Tomas Franzén, chief investment strategist for the Second Swedish National Pension Fund, or AP2, traveled to New York City at the end of June to speak about pension plan innovation at a convocation of retirement industry gurus from around the world. He found time to sit down for a one-on-one session with Institutional Investor during a break at the first Investment Innovation & the Global Future of Retirement conference put on by Pensions & Investments.
As head of investment policy and strategic asset allocation at AP2, Franzén, who has been with the fund since its 2001 start, is enthusiastic about the success of the pension scheme over its dozen years of existence.
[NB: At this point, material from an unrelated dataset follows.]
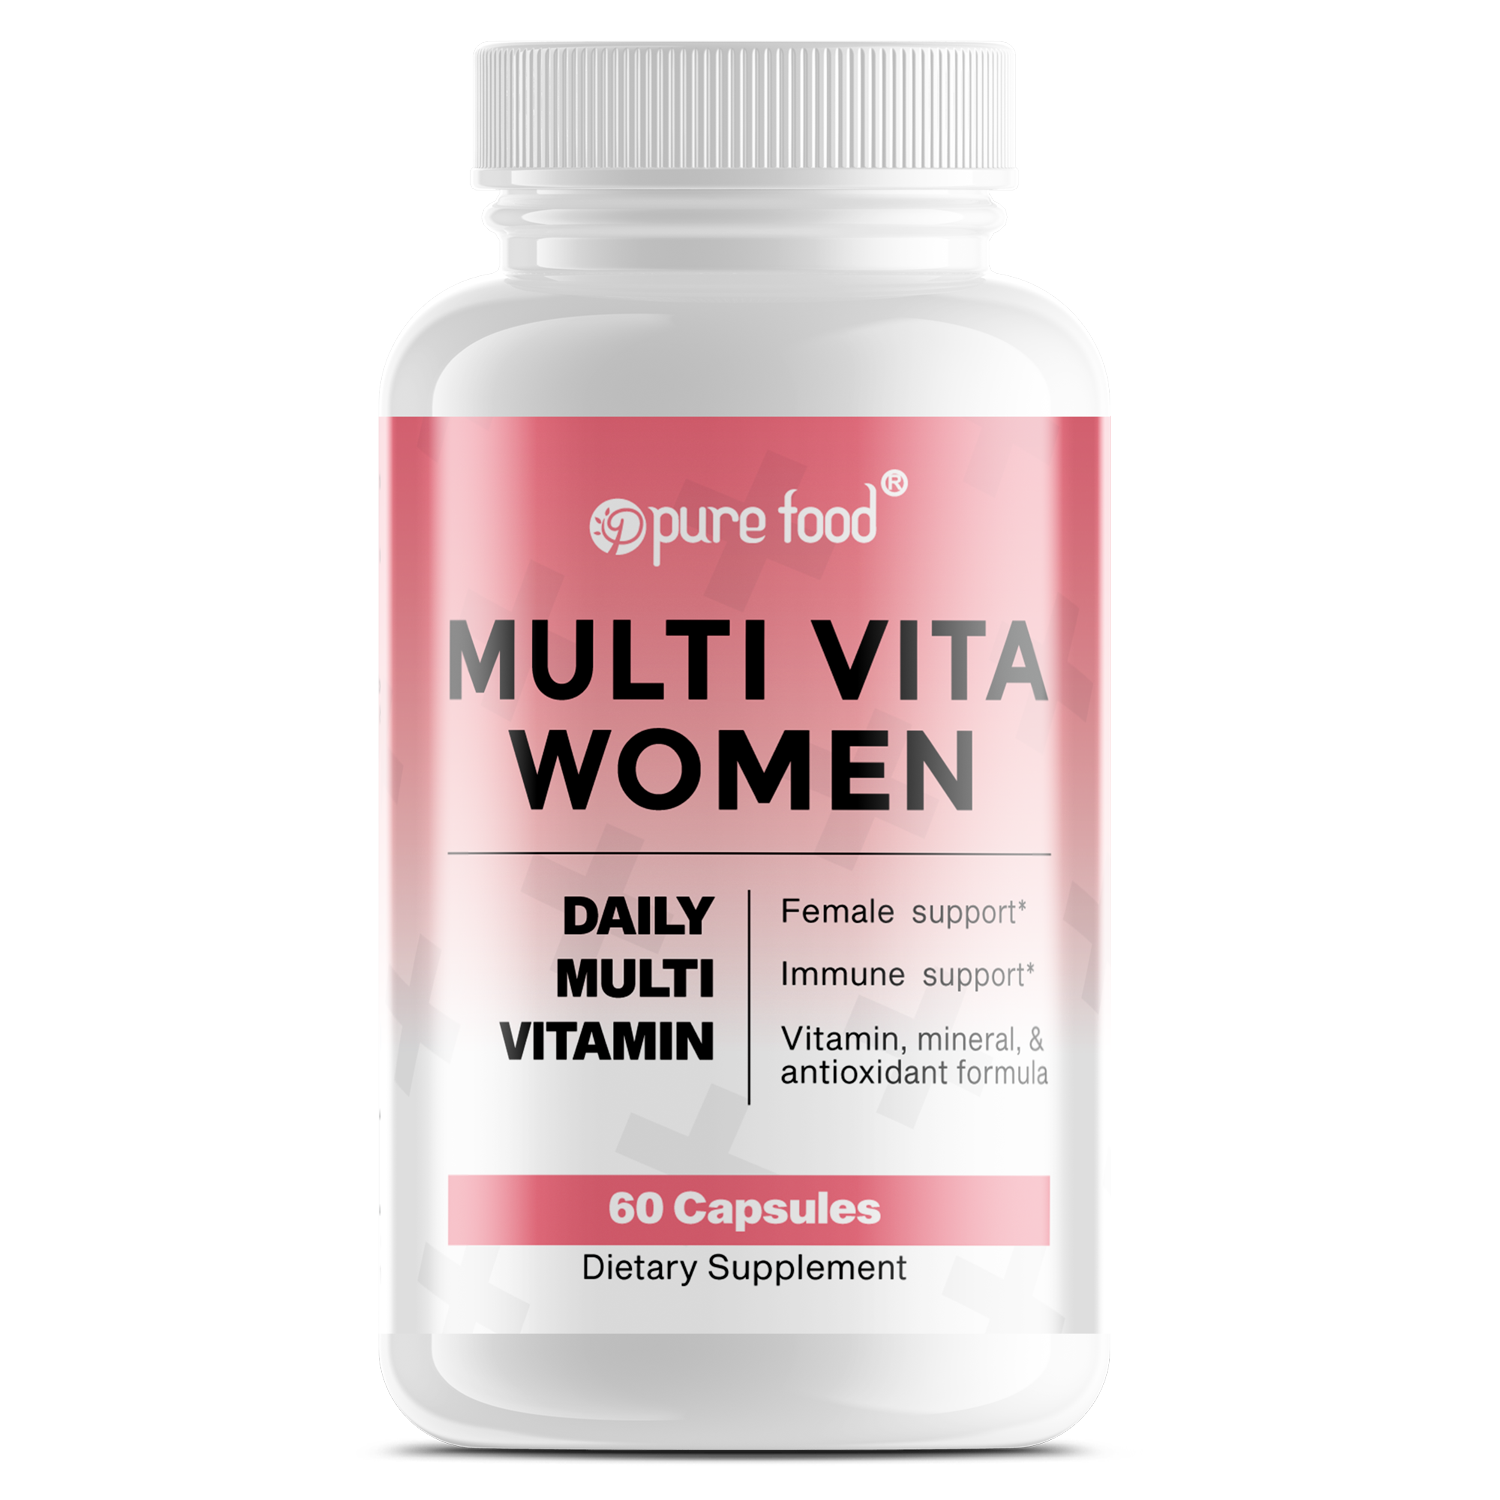 VITA WOMEN - Daily Multivitamin for Women - 60 Capsules

AP2 was created through a bipartisan effort to bolster and protect retirement benefits in a pension system that covers the Swedish population. As one of four “buffer,” independently run funds of roughly the same size (with AP1, AP3 and AP4), it has been a veritable laboratory of new investment ideas.
From the outset, AP2, now at 246.7 billion Swedish kronor ($38.7 billion) in assets, was designed with a quantitative investment model that uses mathematical calculations and signals to identify assets and asset prices that are over- or undervalued. The internal portfolio managers use these signals to over- or underweight equities in the fund. To save on asset management fees, internal fund management is responsible for a full 75 percent of the total portfolio. Half of AP2 assets are allocated to equities; 33 percent to fixed income; and 16 percent to alternative investments, which include hedge funds, real estate and private equity. The alternatives make up most of the externally managed funds.
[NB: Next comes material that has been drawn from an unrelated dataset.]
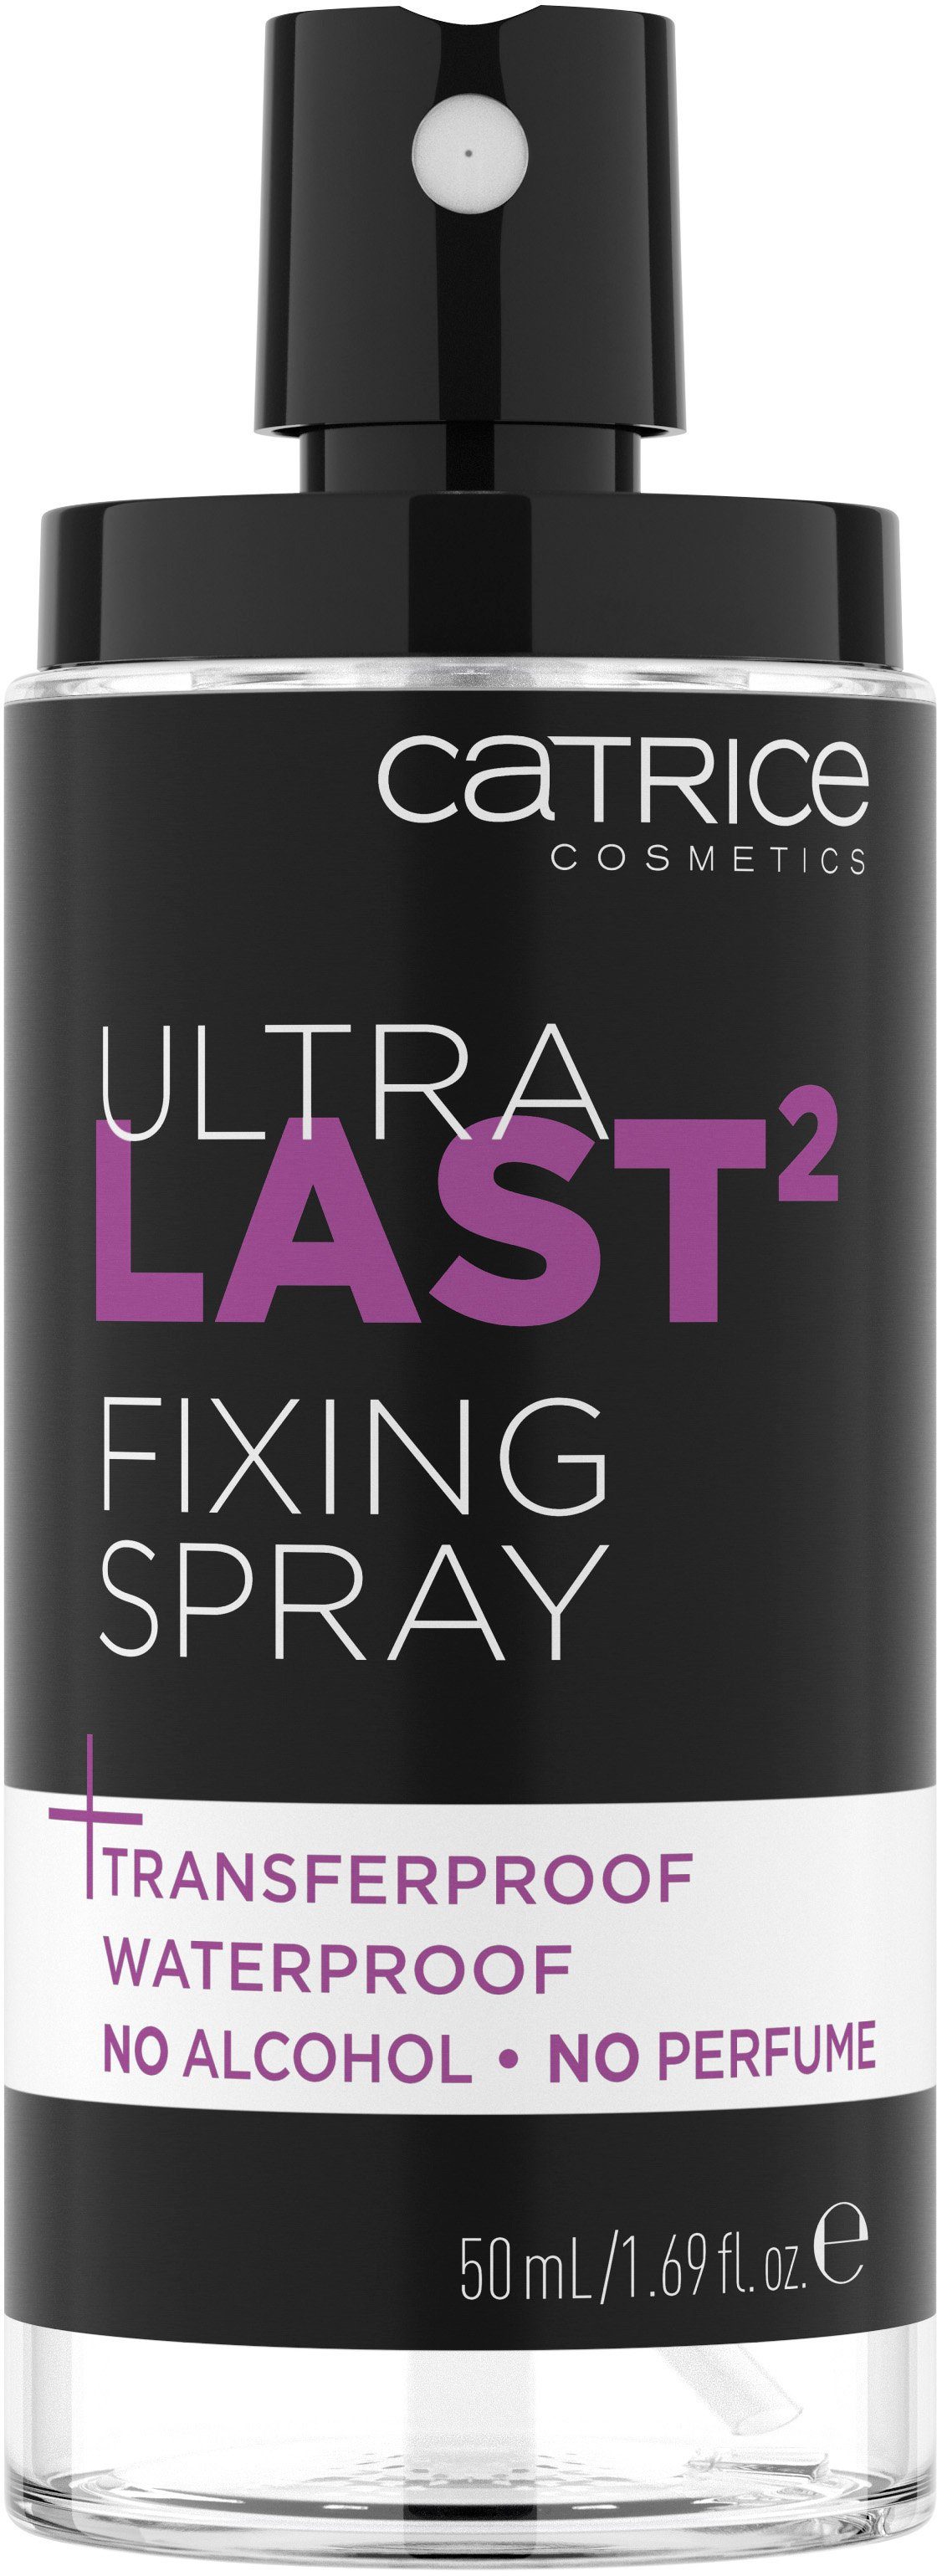 Catrice Ultra Fixierspray Spray, Last2 3-tlg. Fixing

A lot of the action in the past year has taken place in the emerging markets, starting with AP2’s pulling back Skr11 billion in both fixed income and equity assets from external managers and placing them with the pension fund’s quantitative team.
Franzén and his team had determined that with four of the 10 largest economies in emerging markets, this portfolio needed to grow as well. To keep costs low, they decided to bring much of the asset management in-house. But in a year in which the MSCI emerging-markets index was down 3.84 percent, raising the allocation required convincing the board of trustees.
“We went to the board and asked to invest more,” says Franzén, who has a bachelor of arts degree from the University of Stockholm and holds a financial analyst certification from the European Federation of Financial Analysts Societies, or EFFAS. “The risk premium had exploded,” he adds.
The board agreed to raise the emerging-markets allocation by 2 percent in both equity and fixed income, bringing the total to 13 percent, with 9 percent in equity and 4 percent in fixed income. “Talk about trying to be contrarian!” he quips, adding that this was a strategic — not tactical — decision based on long-term return expectations.
Moving assets in-house required a major technology effort. The quantitative team members had to oversee connections to emerging-markets bourses in 23 countries to enable them to trade the MSCI emerging-markets index themselves, says Mathias Eriksson, senior trader, cash equities at AP2. April 17, 2013, was a red letter day for the investment team when in 16 hours the first portfolio of almost Skr5 billion was invested in 511 companies in 21 emerging countries, including South Korea, India and Brazil. By the end of 2013, there were 638 investments with a value of Skr14 billion. Fund officials have also begun to invest in emerging-markets government debt in-house.
“We’ve built up a large knowledge of trading in emerging markets,” says Eriksson. Although the group follows the MSCI index fairly closely, “in all of our mandates, our goal is to beat the benchmark,” he says.
In addition to its new in-house emerging-markets equity and bond portfolios, AP2 has established a beachhead in China with its first $200 million direct investment quota from the Chinese State Administration of Foreign Exchange. These investments will be externally managed through Singapore-based APS Asset Management and Cephei Capital Management in Hong Kong.
In terms of the Swedish pension’s design, “AP2 is a unique ‘paygo’ system,” says Keith Ambachtsheer, director emeritus of the Rotman ICPM Board Effectiveness Program at the University of Toronto’s Rotman School of Management. Paygo means it is self-financed, with no government input. The system was designed by Ole Settergren, now director of research at the Swedish Pensions Agency and an AP2 board member, after the Swedish Parliament decided in 1998 to reform the pension system. The four buffer funds were created to provide assets to the primary Swedish pension fund during serious market downturns or peaks in the retiree population. The funds receive 8.5 percent of salaries, with contributions split evenly between employers and employees. The contributions are then distributed in four even portions among the four AP funds.
Whereas some regions of the world — the U.K. and Ontario in Canada, among them — are struggling to reform or enhance their pension systems, the Swedes have gone about it in a unique way. The 2001 pension reforms that created the four AP funds incentivize people to work longer and thus make more contributions into the system, on both sides of their working lives, says Franzén.“Young people are encouraged to skip the backpack years,” he explains, “and [older workers near retirement] on the other end choose to stay on.”